The amount of memory allocated to the guest-vbox during installation is the minimum necessary for compiling Ruby, Gems, and Rails. Based on your application needs, after installation you may wish to reduce or increase the amount of memory allocated to your guest-vbox. If that is the case, after installation of a guest-vbox, you can use the Vagrantfile directive vb.memory to change the amount of allocated memory. For more information, see the Vagrantfile documentation.

Storage Usage

VirtualBox will dynamically increase the size of the guest-vbox Ubuntu Server virtual disk drive as you add new files into its file system.
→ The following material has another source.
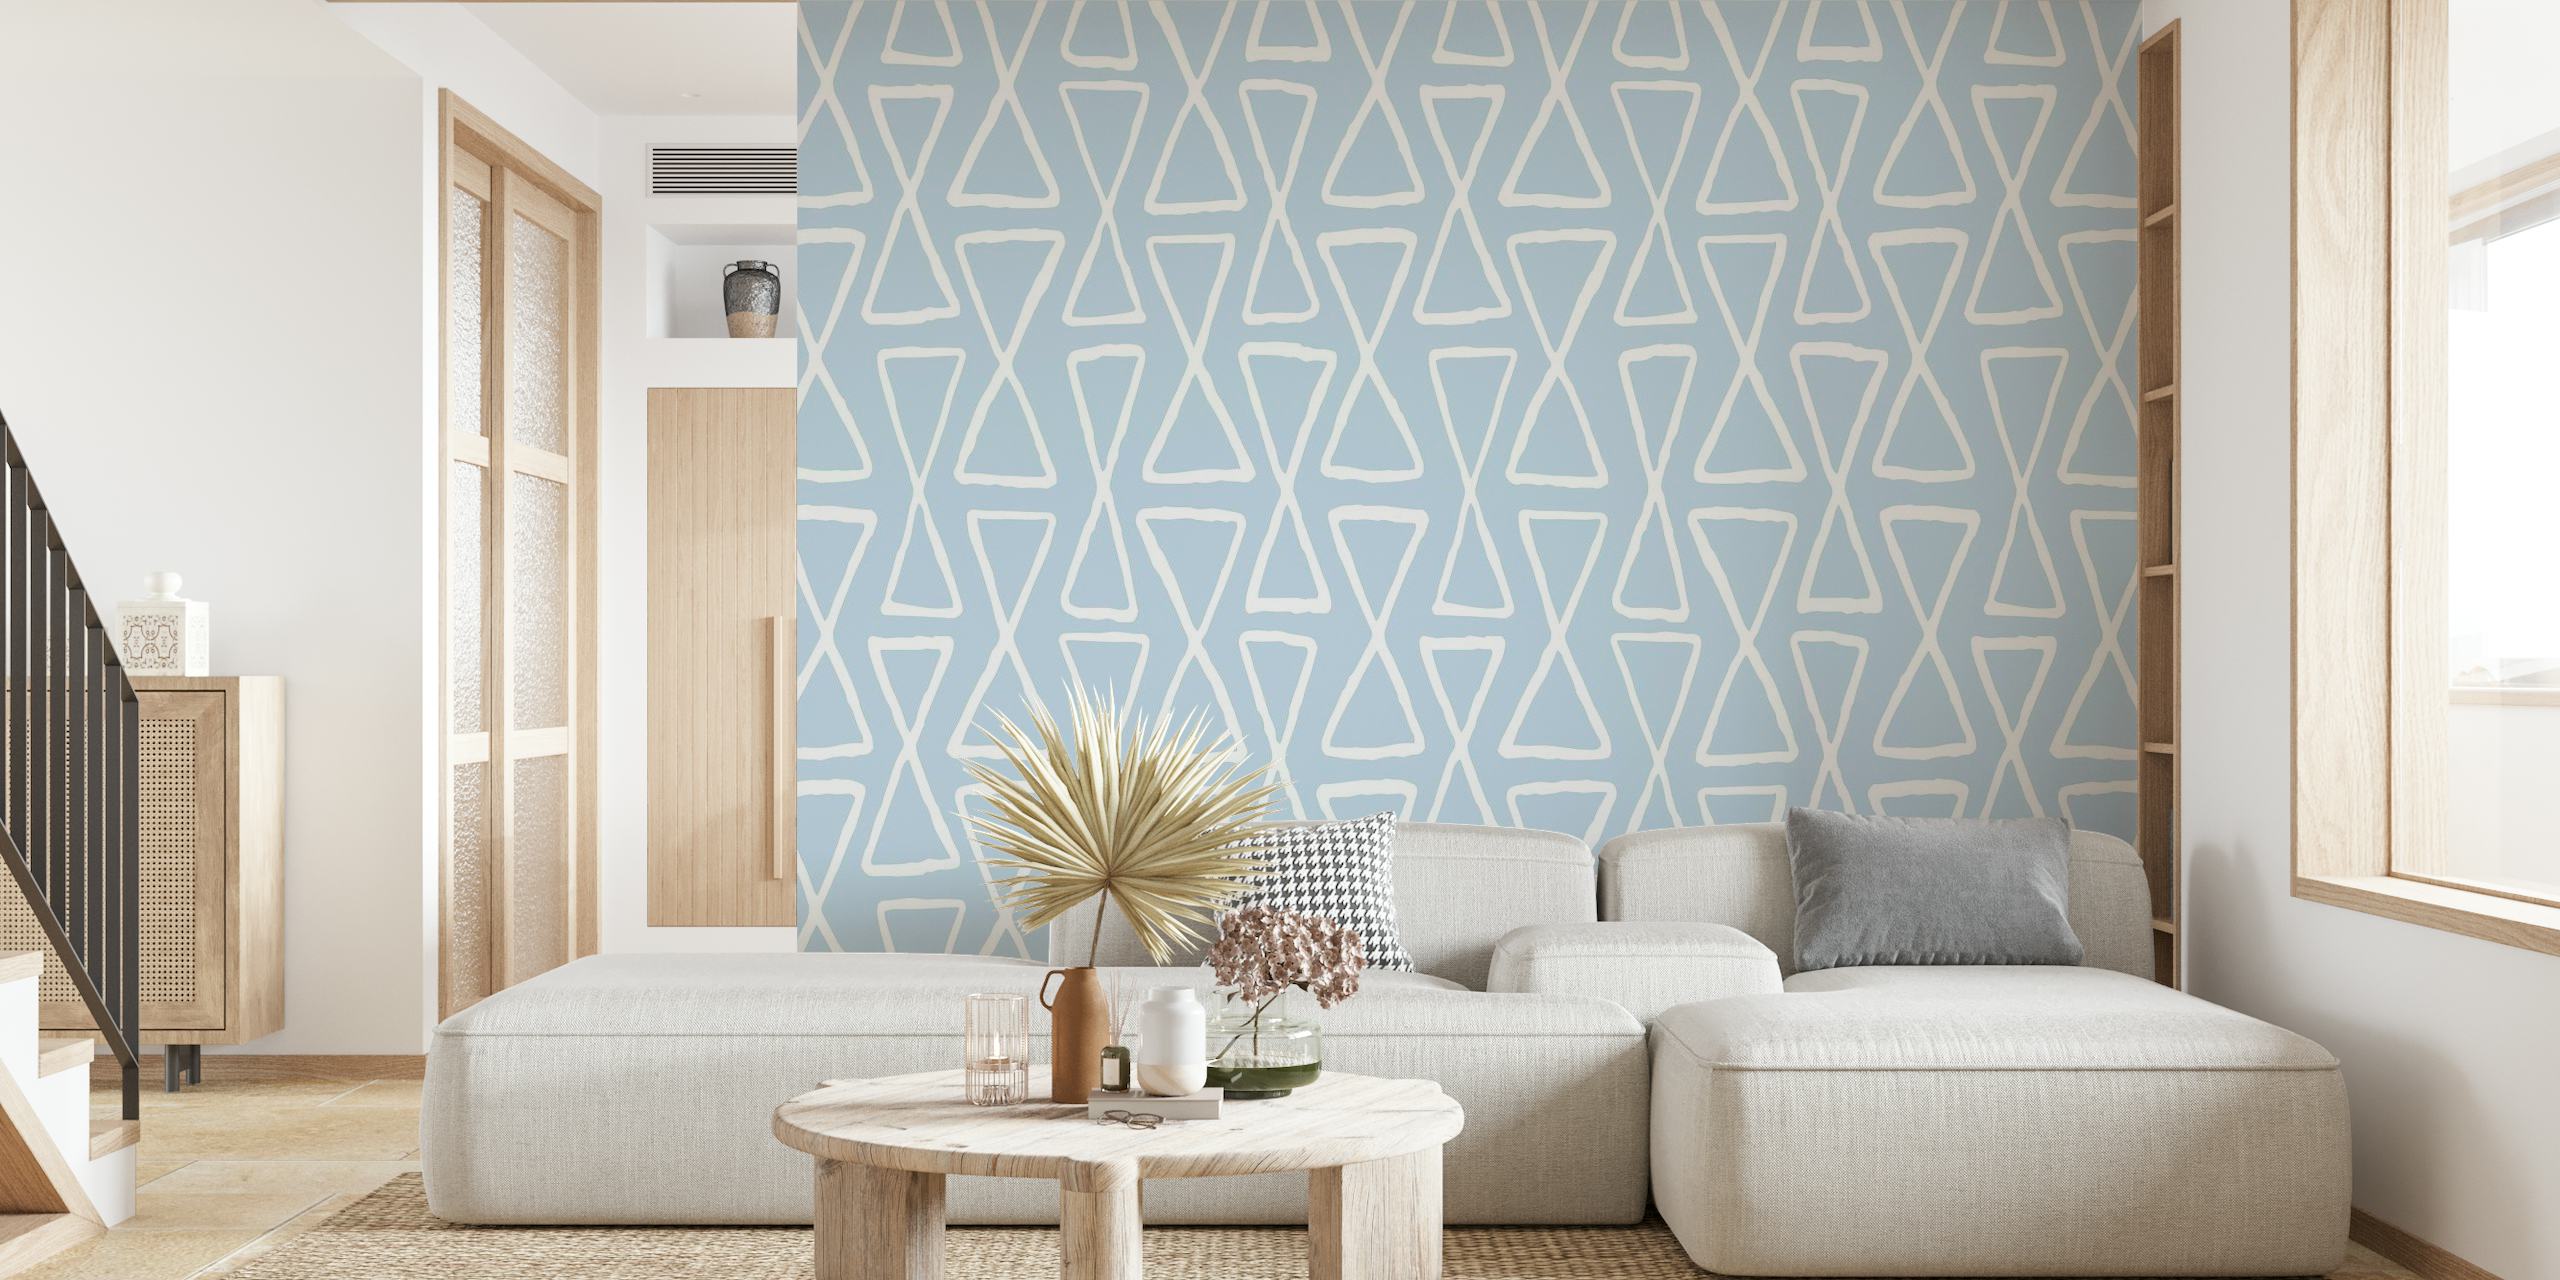 Sanduhr weißes geometrisches Muster auf blauem Hintergrund für Wandbild

The maximum virtual disk drive size of this guest-vbox Ubuntu Server is 40GB. This limit was set by the original developer of the Ubuntu Server 16.04 VirtualBox image; it cannot be changed by the user.

Provisioning

Provisioning is a process during which all of the components needed for the vagrant-ruby-rails guest-vbox are downloaded, built, and placed into the vagrant-ruby-rails guest-vbox. By default, Vagrant executes this time-consuming provisioning of the guest-vbox only the first time "vagrant up" is executed. Subsequent "vagrant up" commands will fetch the previously provisioned image from host local storage, rather than redundantly provisioning the guest-vbox every time "vagrant up" is executed.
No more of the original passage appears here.